Wellness · Screen fatigue · 8 min read

Why Your Brain Can't
Switch Off at Night

The flow-state research
behind a 30-year-old hobby
that's quietly outperforming
the meditation apps.

A single hand resting at the edge of a closed black scratch-art canvas on a warm walnut bedside table at dusk, with a glass pen, folded book, and a cup of chamomile tea in dim warm lamp light

You are not supposed to need a system for going to bed.
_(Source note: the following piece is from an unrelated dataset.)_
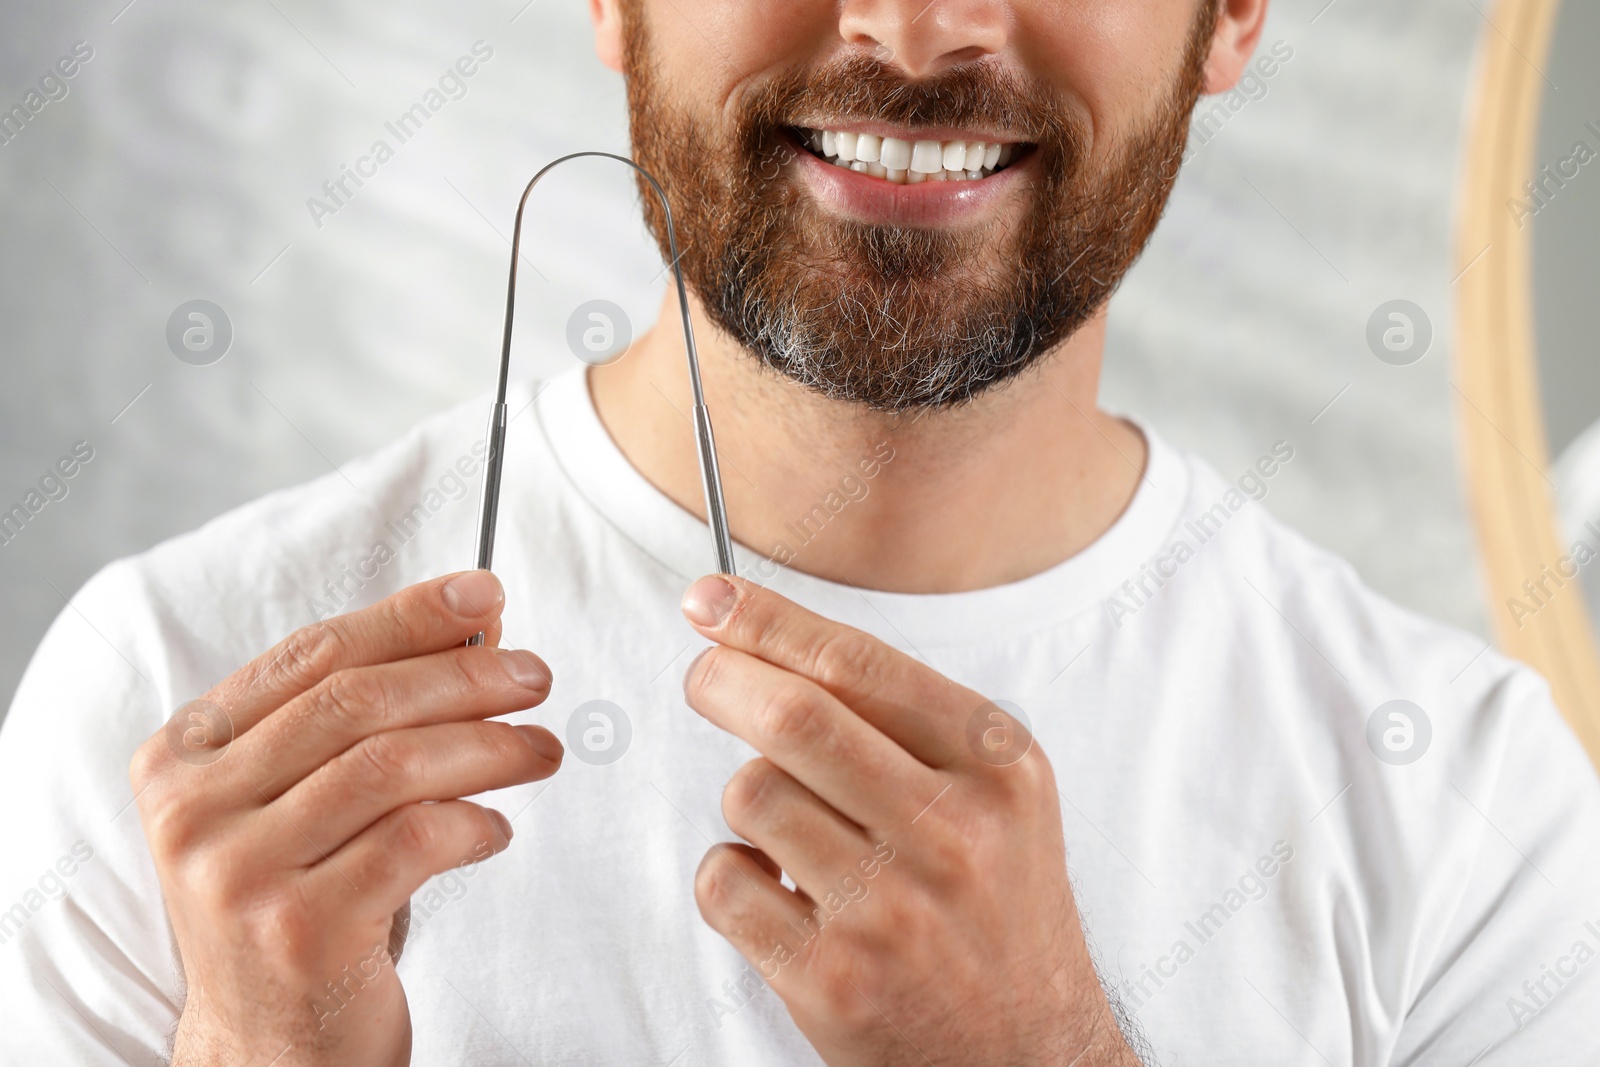 Photo of Man with tongue cleaner on blurred background, closeup
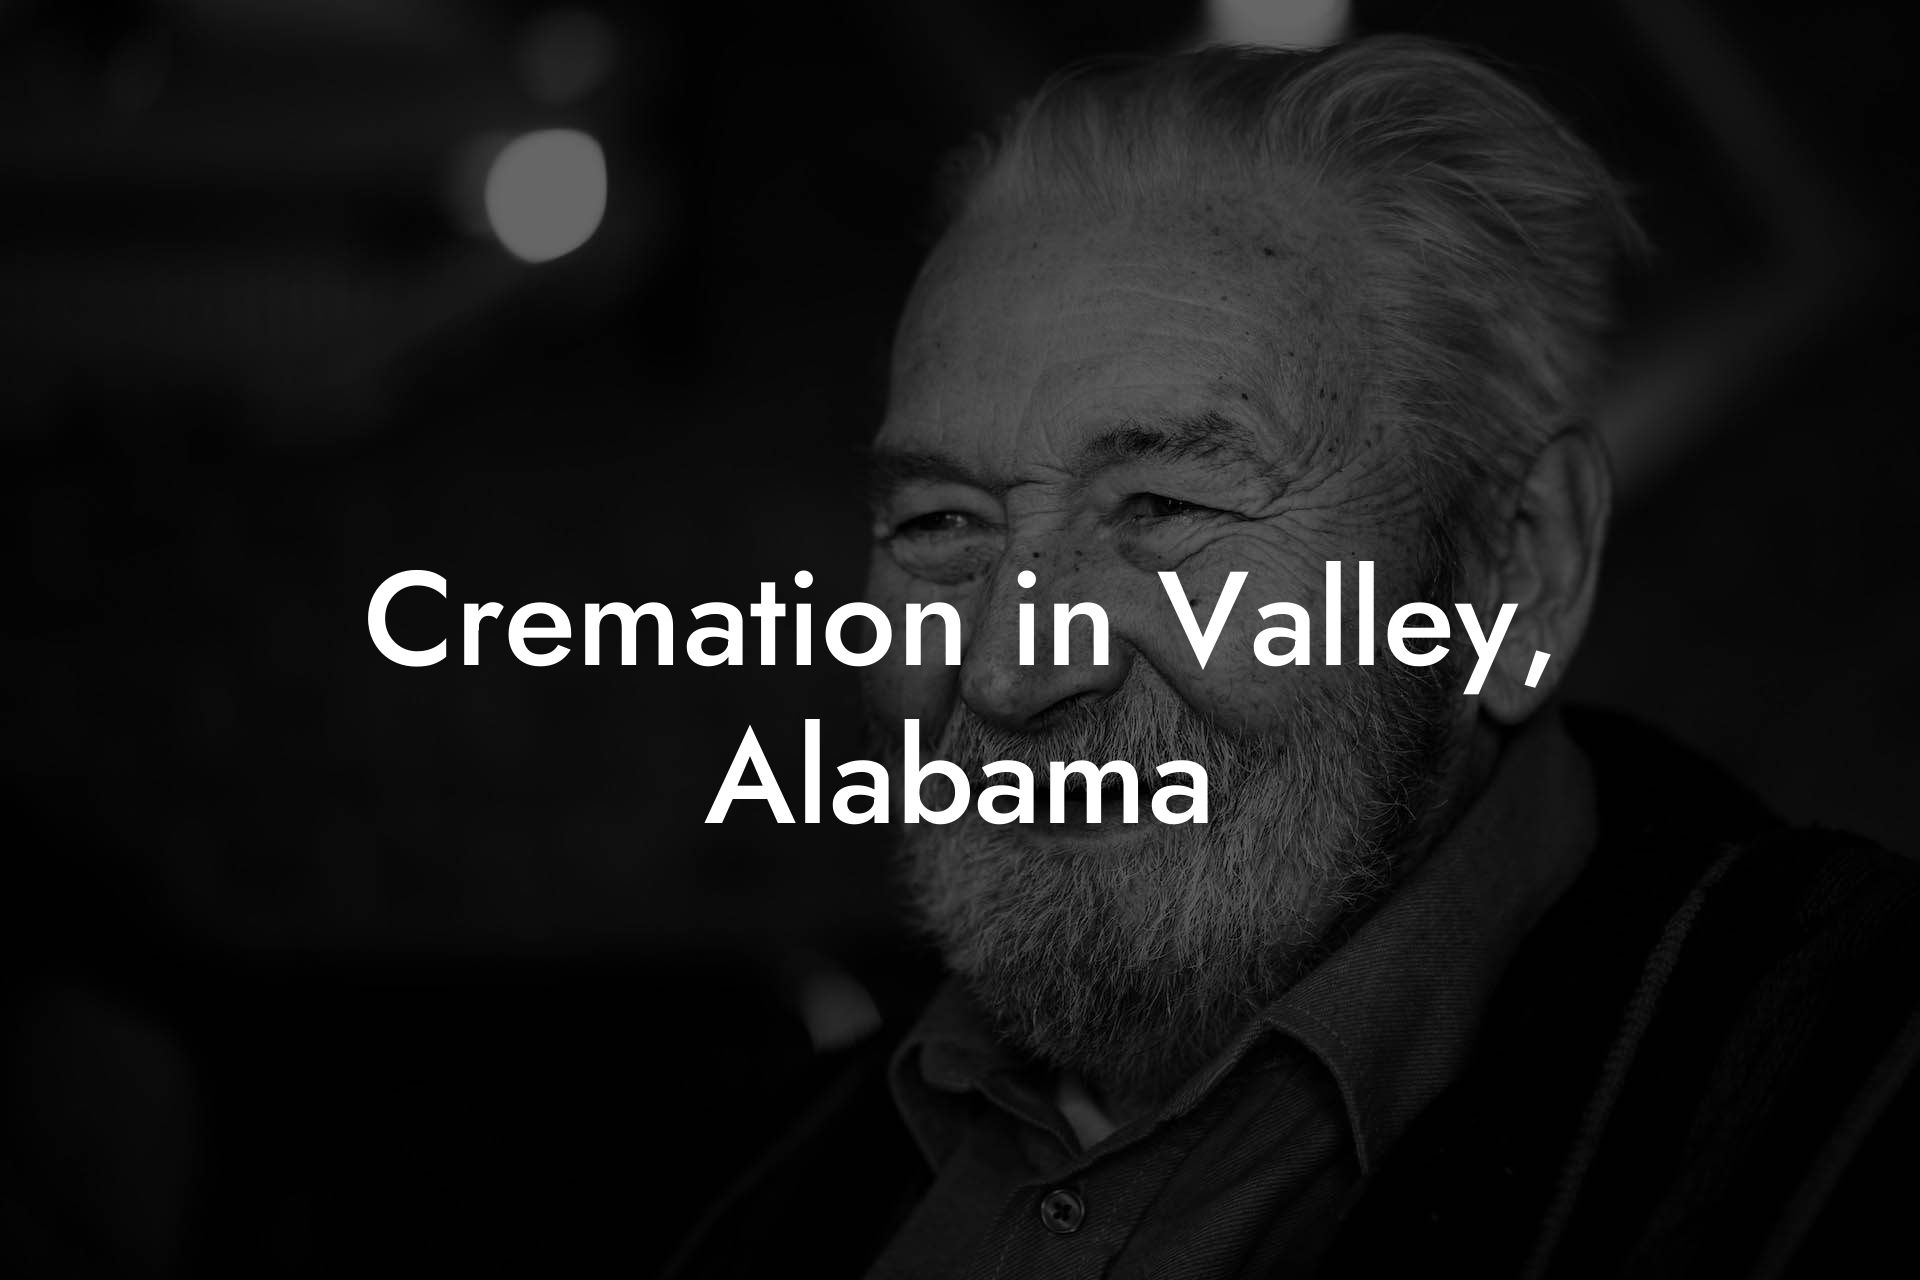 Cremation in Valley, Alabama

But here you are. It is 11:30pm. The lights are off. The phone is on the other nightstand because last week you watched a TikTok about cortisol and you've been trying.

And yet — your brain will not stop.

You replay a meeting. You write an email in your head. You decide, again, that you should learn Spanish. You wonder if your friend is mad at you. You hear a small noise from the kitchen and now you are wondering if the dishwasher is leaking.

If this is you most nights, this article is for you. There is no new app to download at the end. There is, instead, a thing researchers have been quietly recommending for decades that almost nobody talks about.

A quiet empty bedroom at 11:30pm: rumpled white linen, a faintly glowing phone face-down on the nightstand, a warm dim lamp, and a city night beyond the window
The 11:30pm bedroom is a familiar room.

The problem with most "wind down before bed" advice is that it is, structurally, more thinking.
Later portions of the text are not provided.